• _INFORMATION PROVIDED_
--

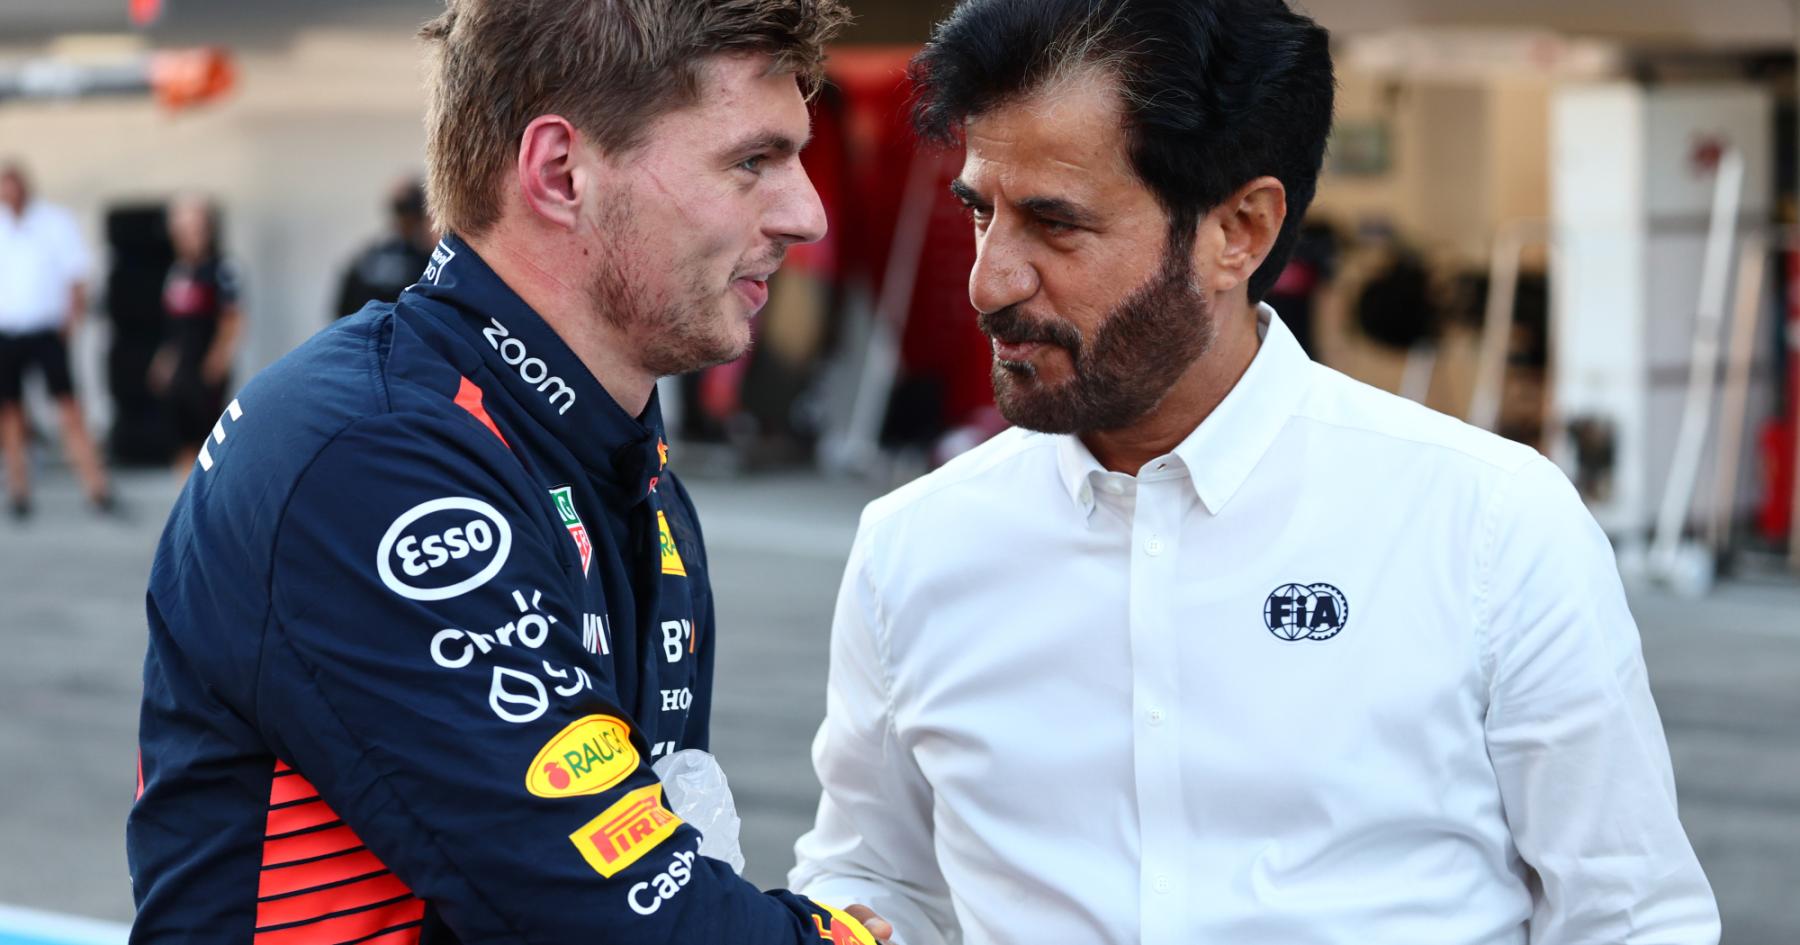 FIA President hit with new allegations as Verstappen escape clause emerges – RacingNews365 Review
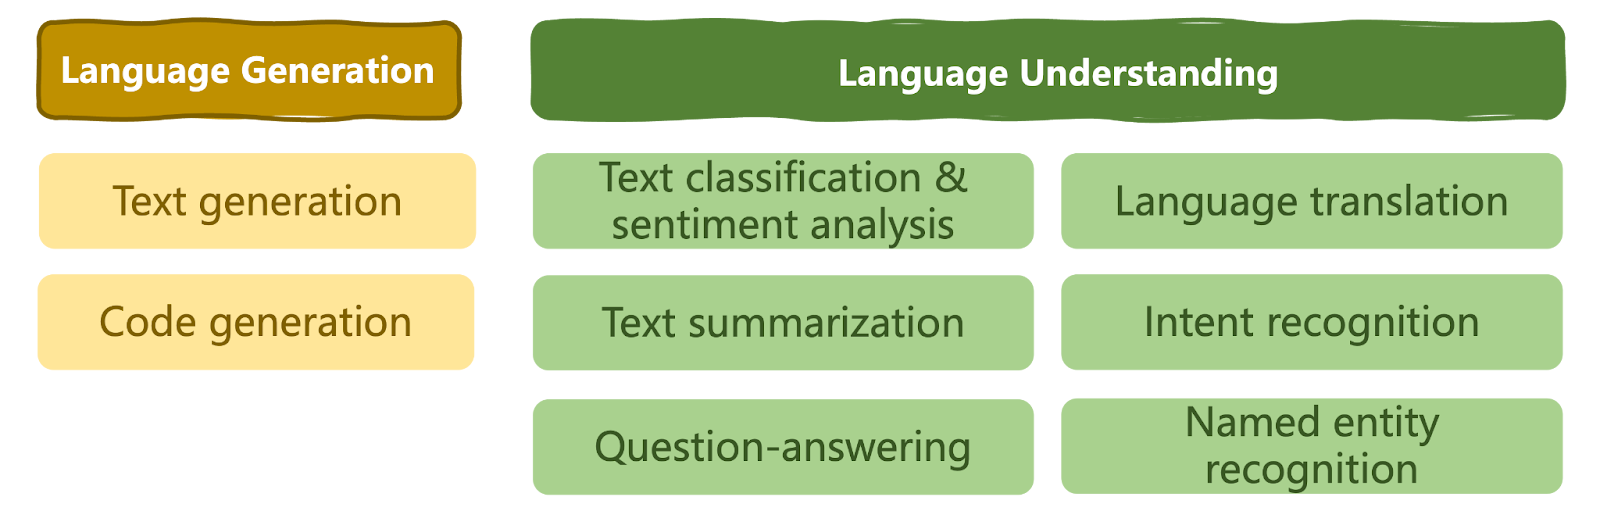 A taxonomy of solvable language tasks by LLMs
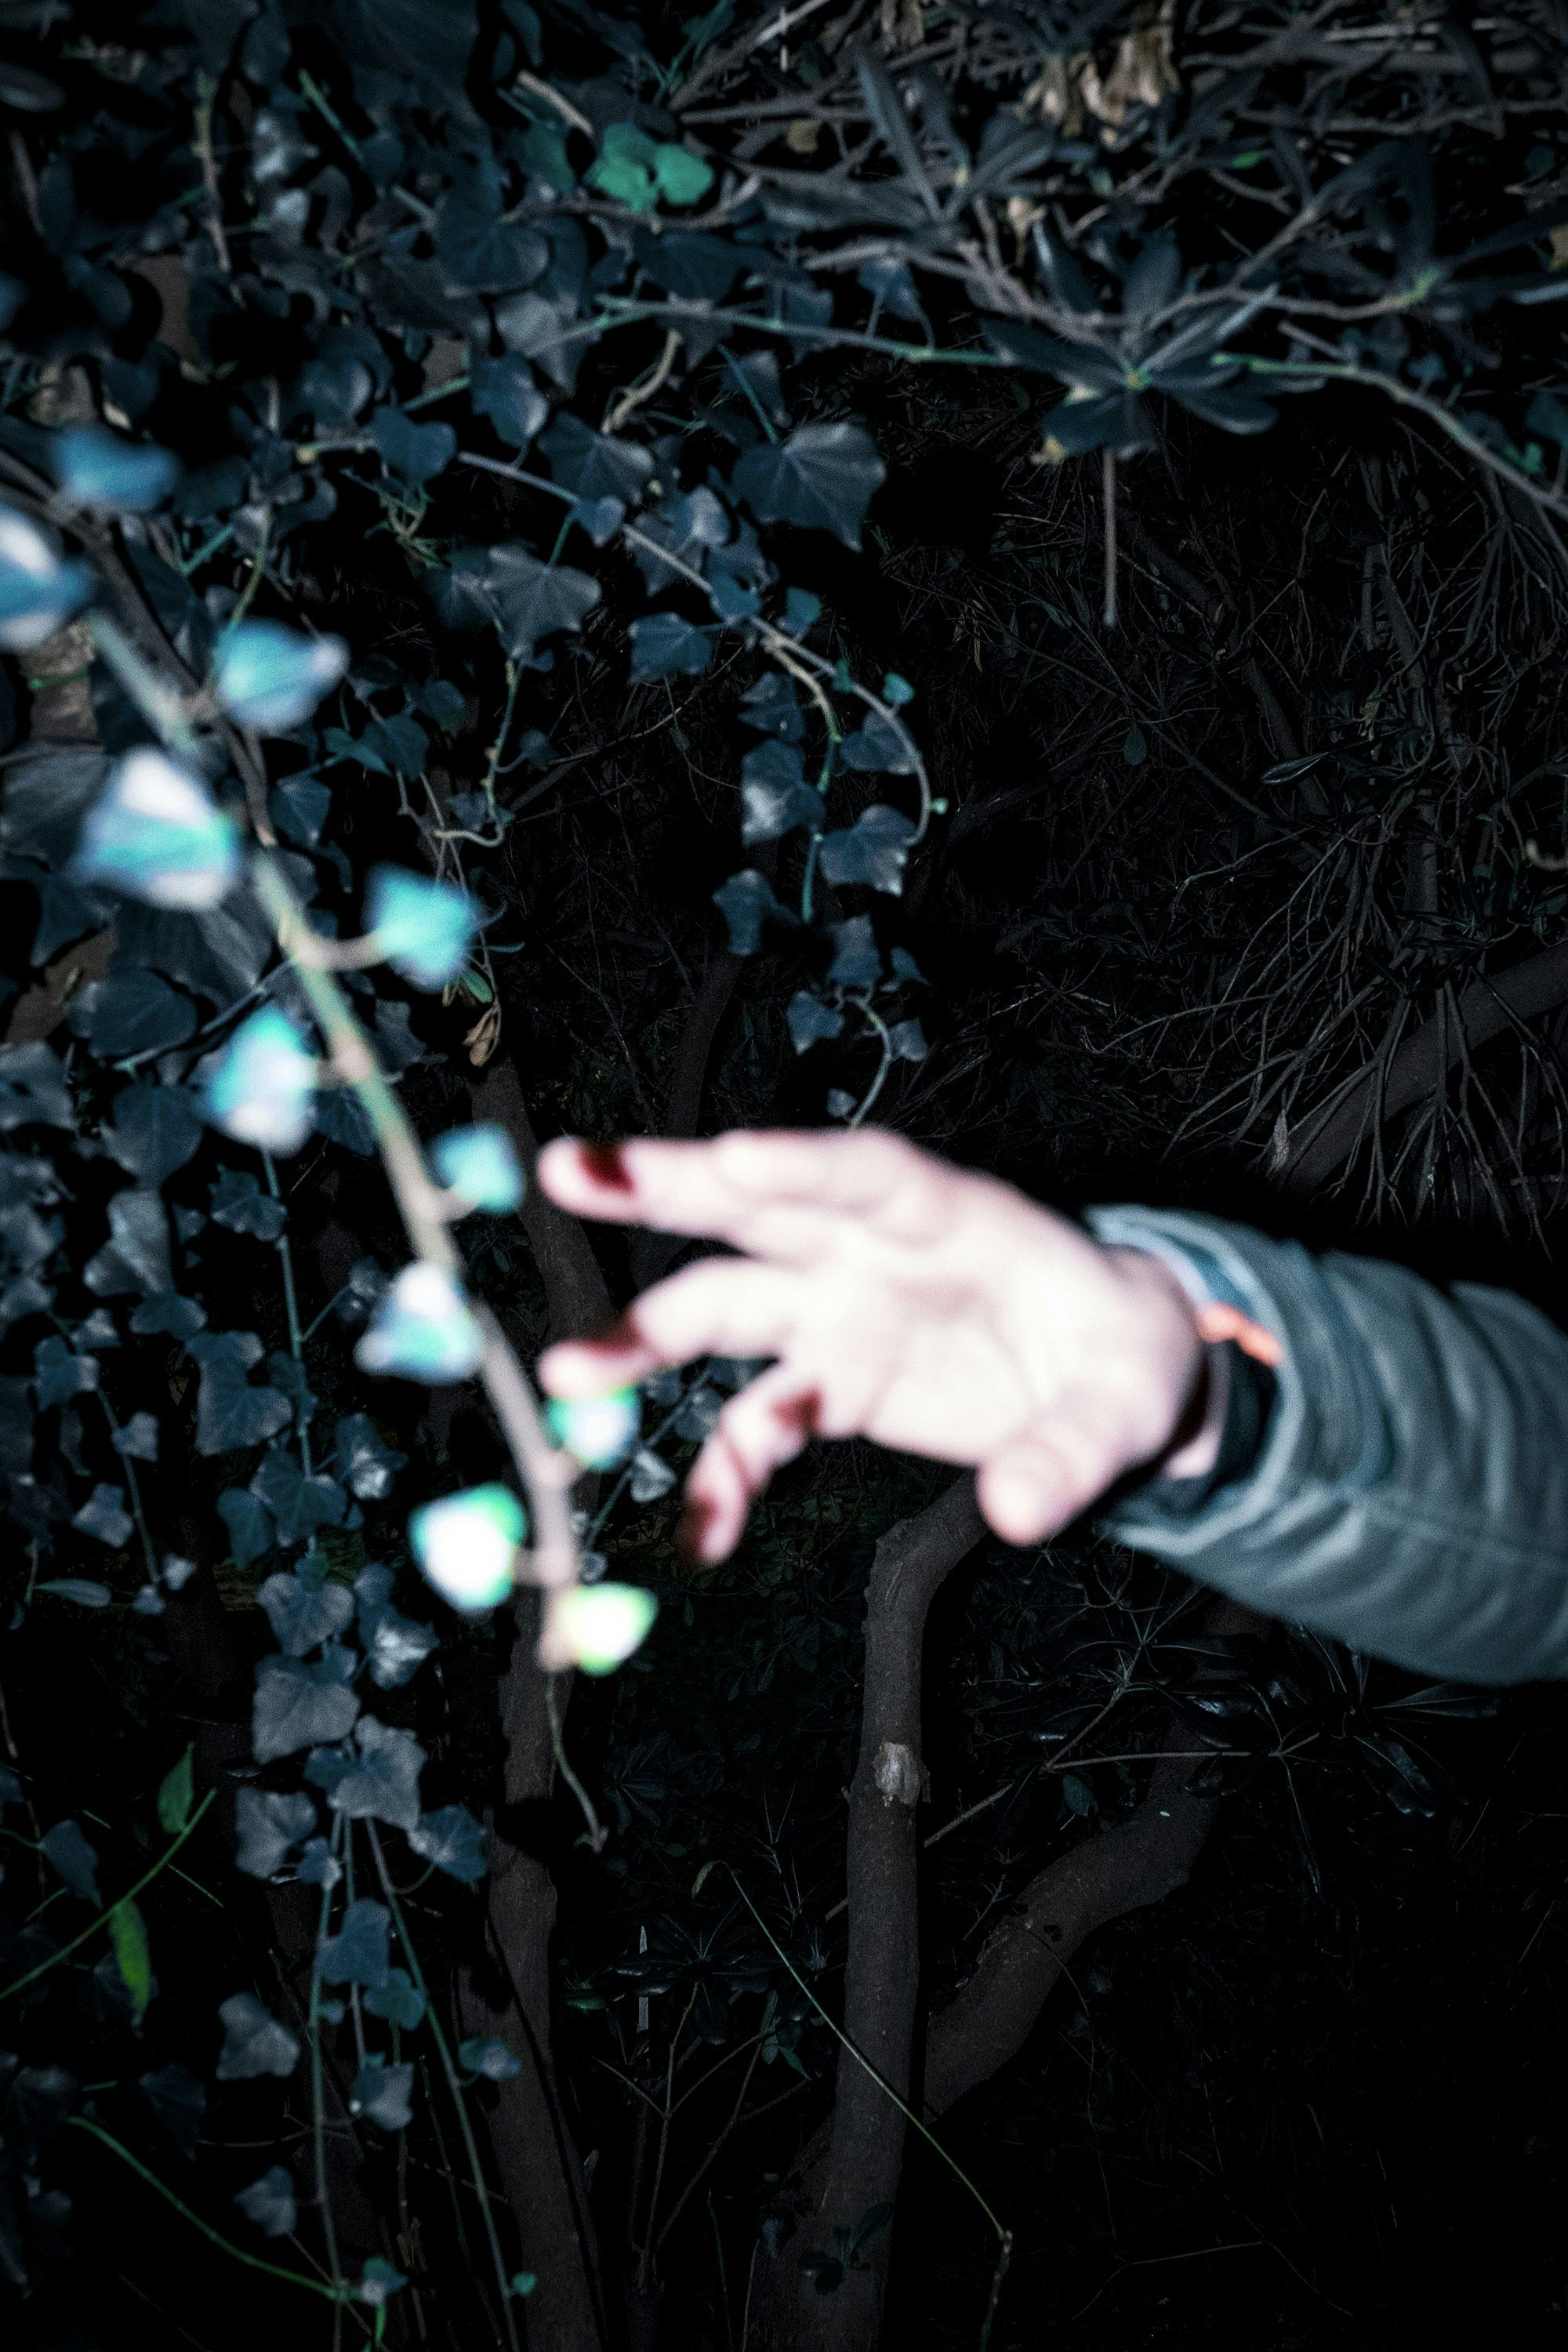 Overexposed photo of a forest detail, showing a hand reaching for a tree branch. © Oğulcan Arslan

--

• _WORK INSTRUCTION_
Everything above should be given again exactly, apart from the pictures.

• _ANSWER FOR THIS EXERCISE_
 FIA President hit with new allegations as Verstappen escape clause emerges – RacingNews365 Review
 A taxonomy of solvable language tasks by LLMs
 Overexposed photo of a forest detail, showing a hand reaching for a tree branch. © Oğulcan Arslan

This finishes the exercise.